CONDITIONS; TERM OF AGREEMENT.

3.1 Conditions Precedent to the Initial Extension of Credit . The obligation of each Lender (including the Issuing Lender) to make its initial extension of credit provided for hereunder is subject to the fulfillment, to the reasonable satisfaction of Administrative Agent and each Lender of each of the conditions precedent set forth on Schedule 3.1 (the making of such initial extension of credit by a Lender being conclusively deemed to be its satisfaction or waiver of the conditions precedent).

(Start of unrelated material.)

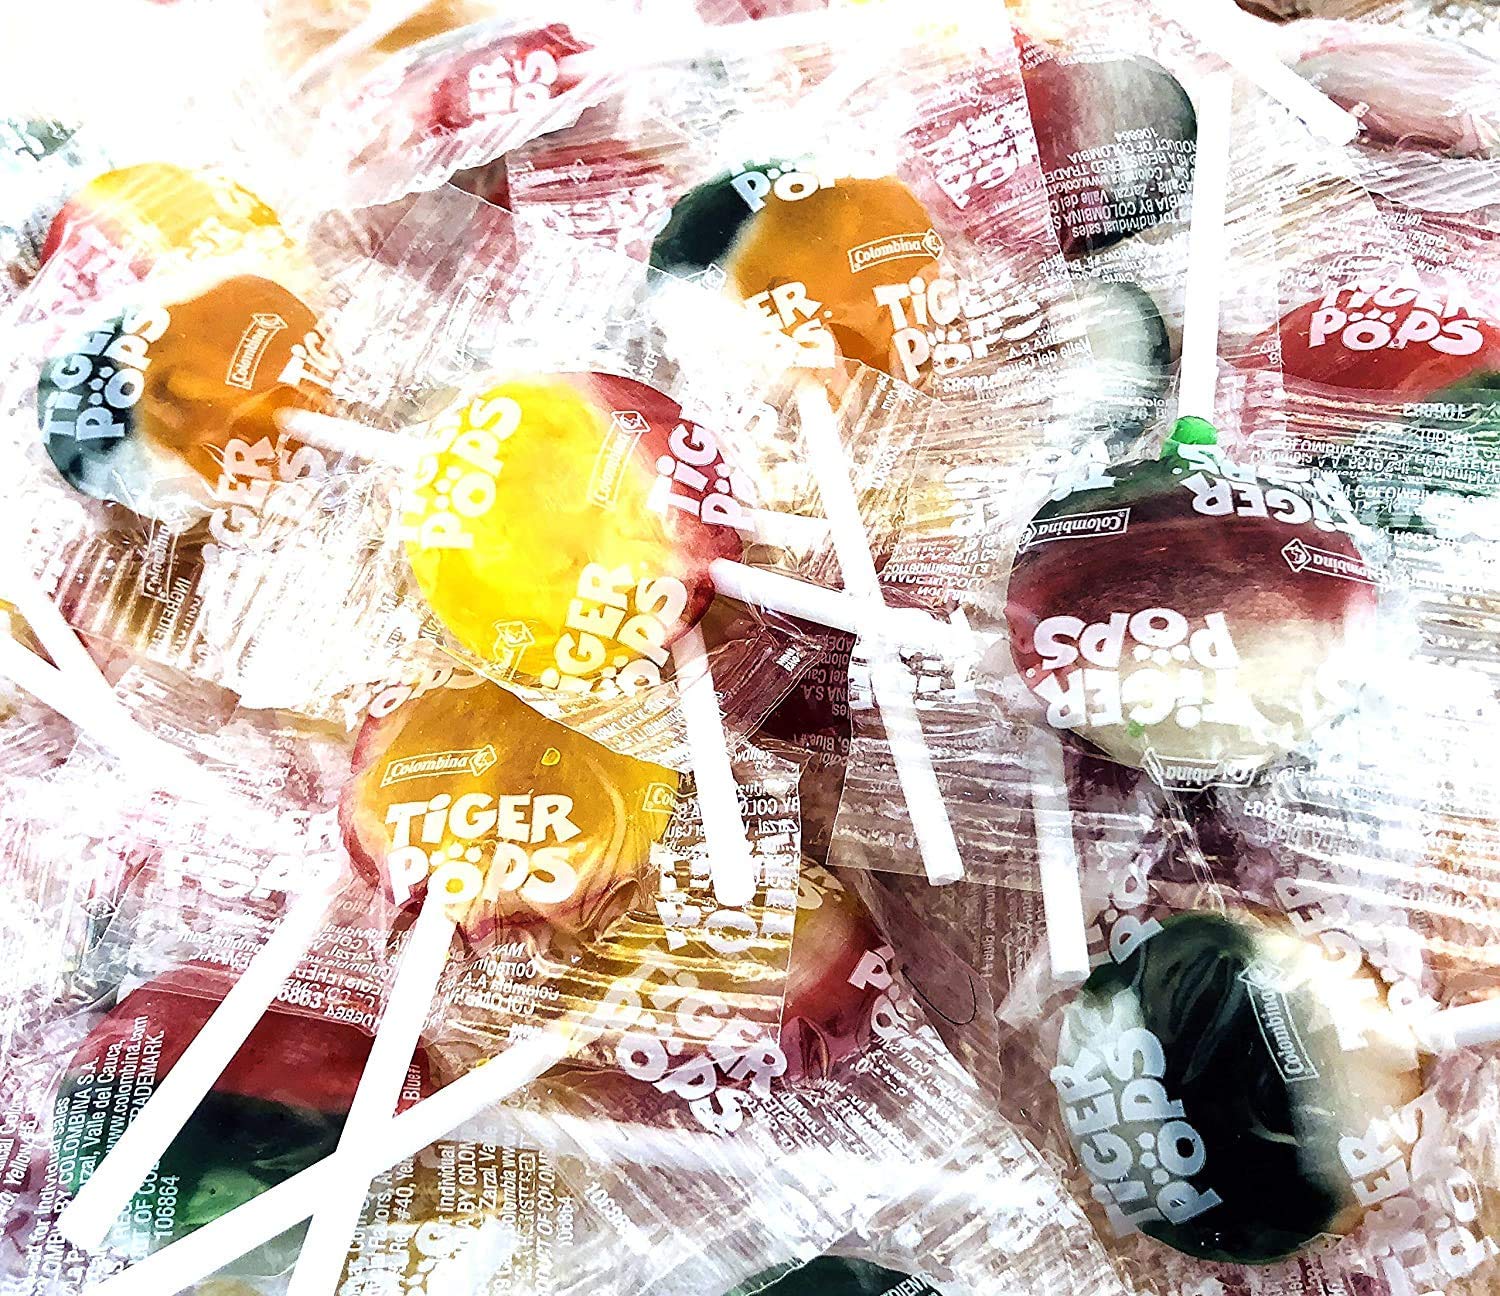  LaetaFood Tiger Pops Original Assorted Pops Suckers Fruit Flavored, Hard Candy Lollipops (Pack of 400)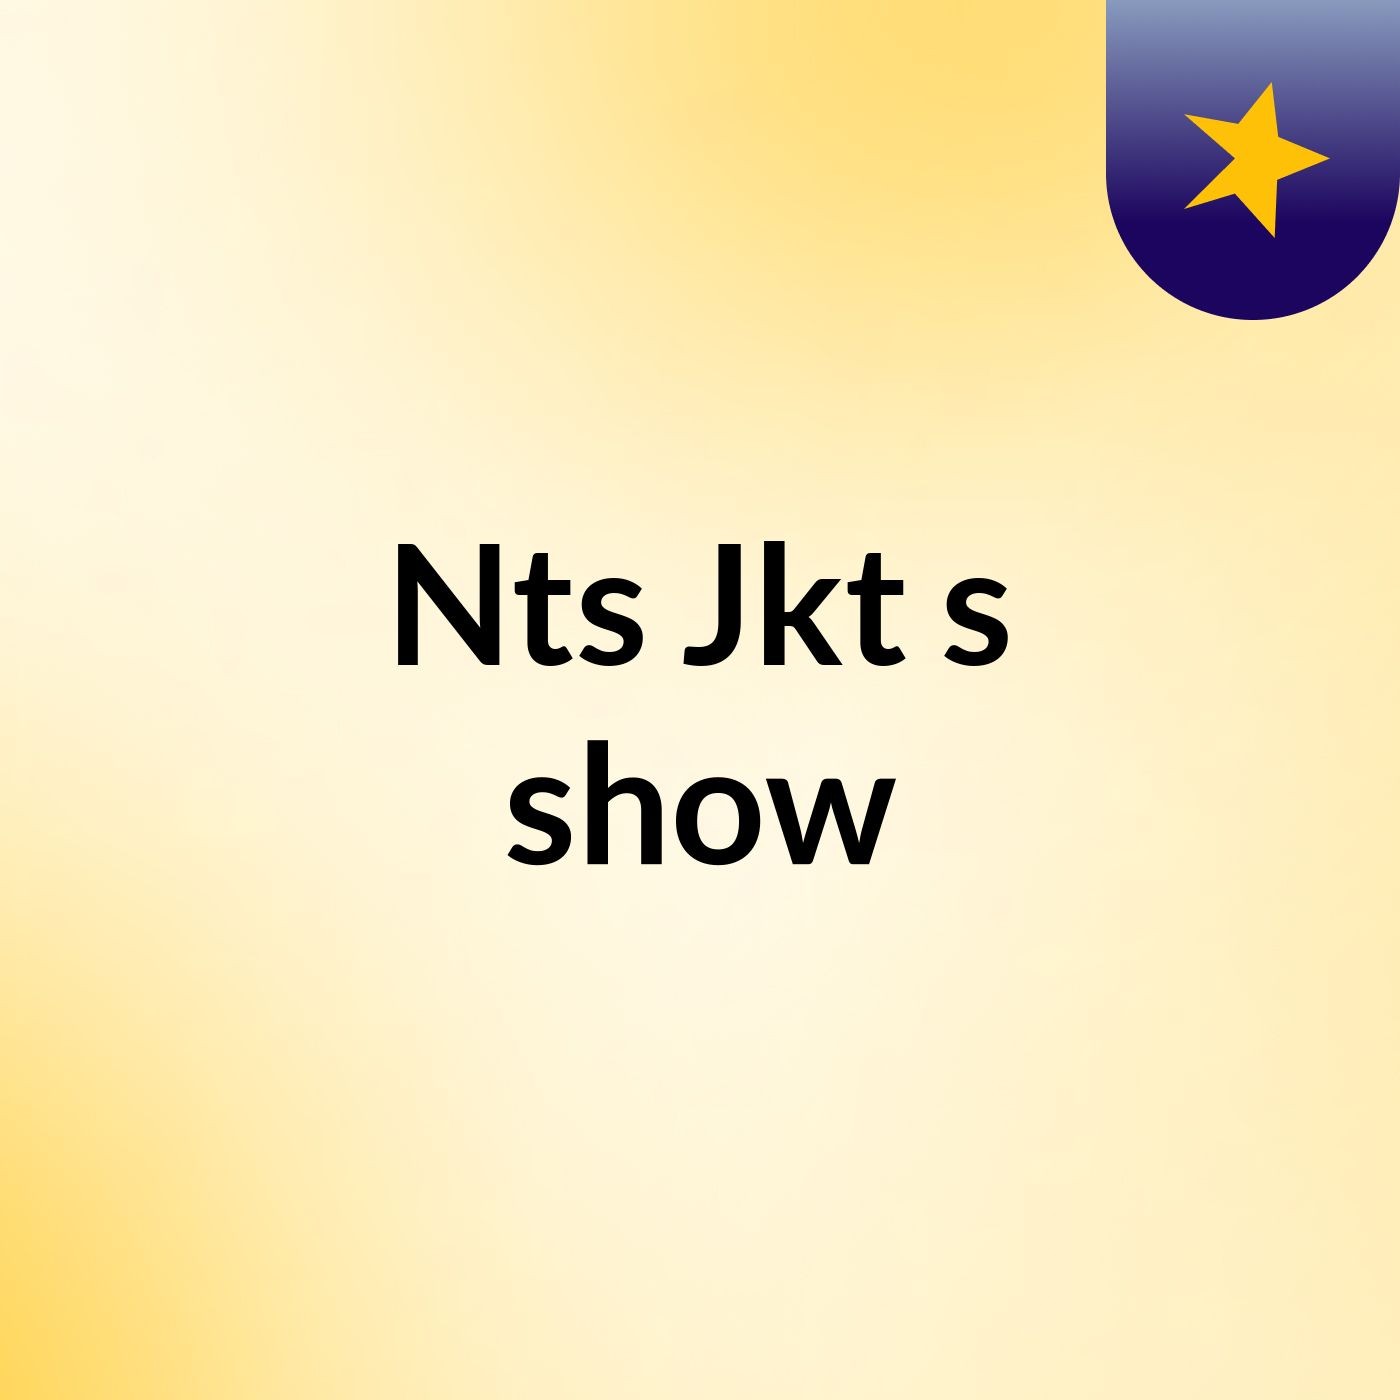 Nts Jkt's show

3.2 Conditions Precedent to all Extensions of Credit . The obligation of the Lender Group (or any member thereof) to make any Advances hereunder (or to extend any other credit hereunder, including the issuance, amendment, renewal or extension of any Letter of Credit) at any time shall be subject to the following conditions precedent:

(a) the representations and warranties of Borrower and its Subsidiaries contained in this Agreement or in the other Loan Documents shall be true and correct in all material respects (except that such materiality qualifier shall not be applicable to any representations and warranties that already are qualified or modified by materiality in the text thereof) on and as of the date of such extension of credit, as though made on and as of such date (except to the extent that such representations and warranties relate solely to an earlier date);

(b) since March 31, 2009, no event, circumstance, or change has occurred that has or could reasonably be expected to result in a Material Adverse Change; and

(c) no Default or Event of Default shall have occurred and be continuing on the date of such extension of credit, nor shall either result from the making thereof.

3.3 Maturity . This Agreement shall continue in full force and effect for a term ending on July 1, 2012 (the “ Maturity Date ”). The foregoing notwithstanding, the Lender Group, upon the election of the Required Lenders, shall have the right to terminate its obligations under this Agreement immediately and without notice upon the occurrence and during the continuation of an Event of Default.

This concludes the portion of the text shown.